Thanks SG..... You can have more than one though...


----------



## sneakygroundbuzzard (Nov 1, 2012)

damn thats a nice looking horn call

and the sound is real nice

so nice it had me reaching for my gun lol


----------



## prairiewolf (Feb 19, 2012)

Nice sounding and looking howler !!


----------



## beavertrapper (Dec 31, 2012)

Beautiful call!!!


----------



## jawbreaker (Oct 30, 2012)

That's a really nice looking horn for sure.


----------



## Rick Howard (Feb 25, 2012)

Thank you fellas. I enjoy making these very much


----------



## SWAMPBUCK10PT (Apr 5, 2010)

*Itz-------I'll take it-------this item is mine---Sorry Boys your all to late :biggrin: :biggrin: :biggrin: ----sb*


----------



## kevind43 (Jan 22, 2013)

Art and function. Beautiful stuff.


----------



## youngdon (Mar 10, 2010)

Nice work Rick..Nice grab Skip !


----------



## Rick Howard (Feb 25, 2012)

Thanks Skip!
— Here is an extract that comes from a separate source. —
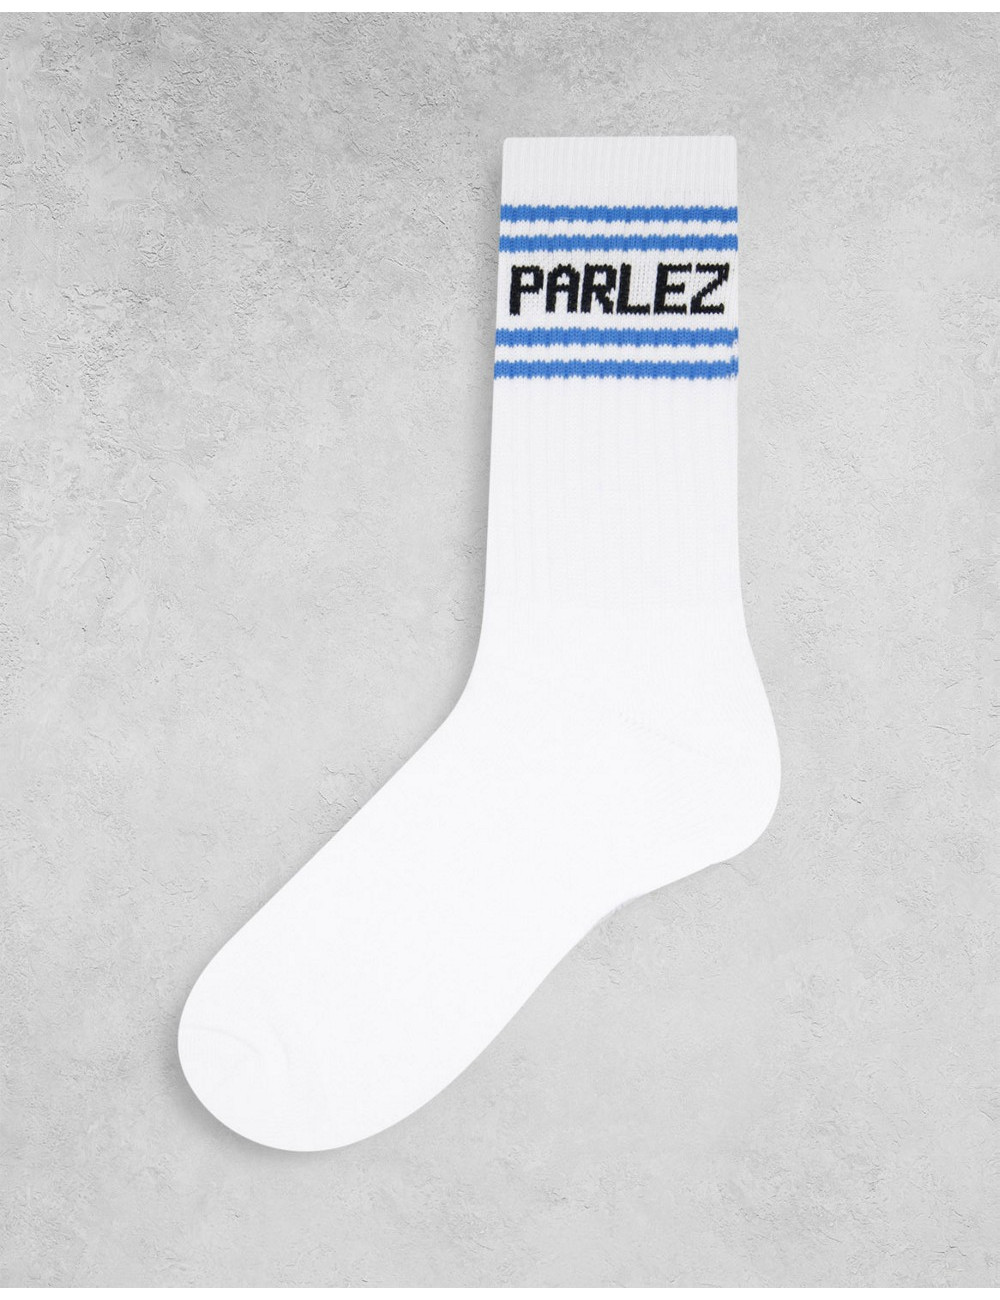 Parlez rode socks with blue...

PM sent.


----------



## 220swift (Mar 2, 2011)

nice work Rick......you won't be disappointed Skip.


----------



## Rick Howard (Feb 25, 2012)

Thanks Mike


----------



## hassell (Feb 9, 2010)

Another beautiful well made product.


----------



## Rick Howard (Feb 25, 2012)

Thanks Rick.


----------



## SWAMPBUCK10PT (Apr 5, 2010)

*ITS-------- Recived the Horn Today--------Very Nice -Very good sound-nice and light-Best Horn I have--and I have many--Took its place on my lanyard this afternoon-it replaced my Juice Bottle howler-Thanks for a fine call--------------sb*


----------



## Rick Howard (Feb 25, 2012)

Thank you Skip!


----------